Commit graph

3 commits

Author SHA1 Message Date
Gavin Andresen
8dc206a1e2 Reject non-canonically-encoded sizes
The length of vectors, maps, sets, etc are serialized using
Write/ReadCompactSize -- which, unfortunately, do not use a
unique encoding.

So deserializing and then re-serializing a transaction (for example)
can give you different bits than you started with. That doesn't
cause any problems that we are aware of, but it is exactly the type
of subtle mismatch that can lead to exploits.

With this pull, reading a non-canonical CompactSize throws an
exception, which means nodes will ignore 'tx' or 'block' or
other messages that are not properly encoded.

Please check my logic... but this change is safe with respect to
causing a network split. Old clients that receive
non-canonically-encoded transactions or blocks deserialize
them into CTransaction/CBlock structures in memory, and then
re-serialize them before relaying them to peers.
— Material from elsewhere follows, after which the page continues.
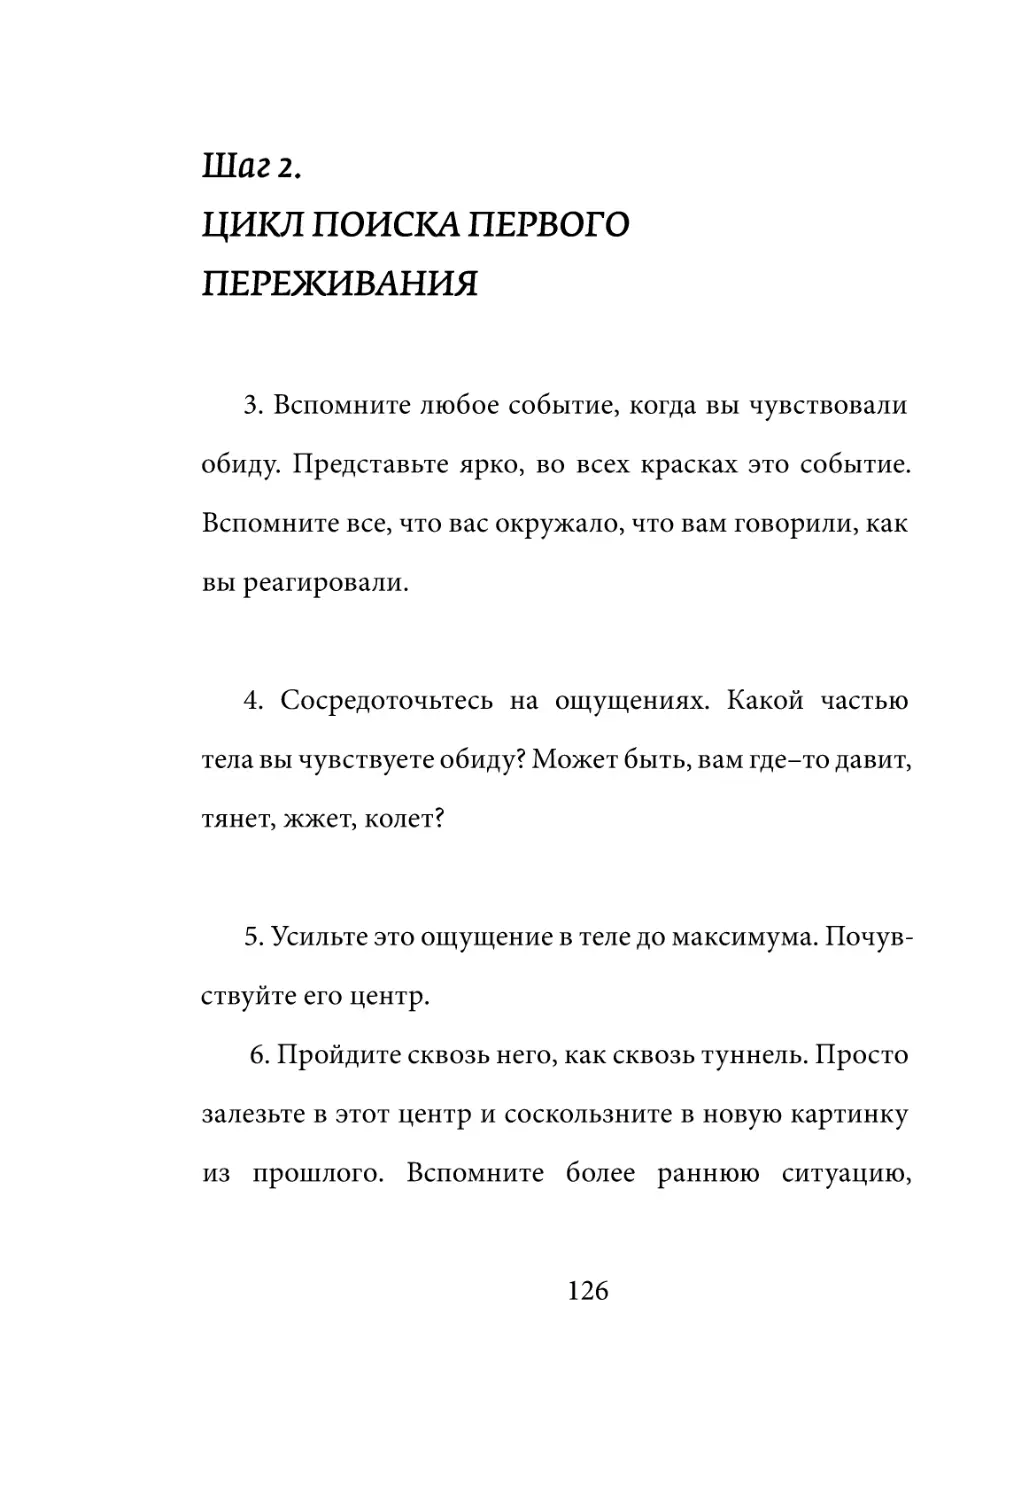 Sergey_Filippov_Dnevnik_samorazvitia_Evolyutsia_Vnutrennego_Sostoyania_126.pdf (p.126)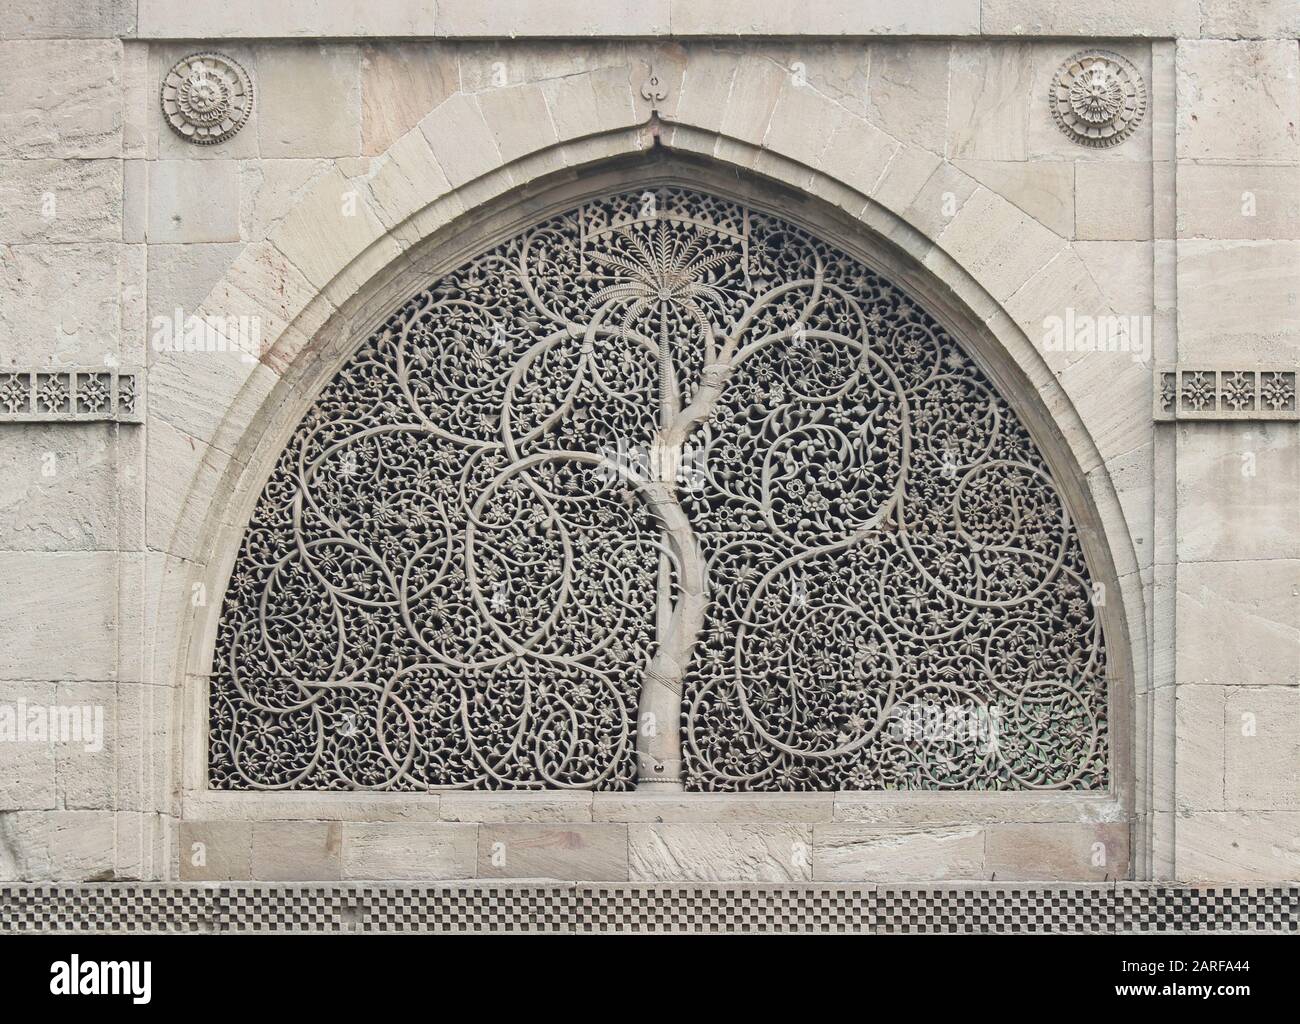 Ventanas de enrejado de piedra tallada (jali) con motivo de palma y espuma entrelazada - Mezquita Sidi Saiyed, Ahmedabad, Gujarat, India Foto de stock

And please check my logic with respect to causing a blockchain
split: there are no CompactSize fields in the block header, so
the block hash is always canonical. The merkle root in the block
header is computed on a vector<CTransaction>, so
any non-canonical encoding of the transactions in 'tx' or 'block'
messages is erased as they are read into memory by old clients,
and does not affect the block hash. And, as noted above, old
clients re-serialize (with canonical encoding) 'tx' and 'block'
messages before relaying to peers.
2013-08-09 10:01:35 +10:00
Gavin Andresen
87b9931bed Fix signed/unsigned comparison warnings 2013-04-03 14:04:21 -04:00
Pieter Wuille
4d6144f97f Compact serialization for variable-length integers
Variable-length integers: bytes are a MSB base-128 encoding of the number.
The high bit in each byte signifies whether another digit follows. To make
the encoding is one-to-one, one is subtracted from all but the last digit.
Thus, the byte sequence a[] with length len, where all but the last byte
has bit 128 set, encodes the number:

  (a[len-1] & 0x7F) + sum(i=1..len-1, 128^i*((a[len-i-1] & 0x7F)+1))

Properties:
* Very small (0-127: 1 byte, 128-16511: 2 bytes, 16512-2113663: 3 bytes)
* Every integer has exactly one encoding
* Encoding does not depend on size of original integer type
2012-10-20 23:08:56 +02:00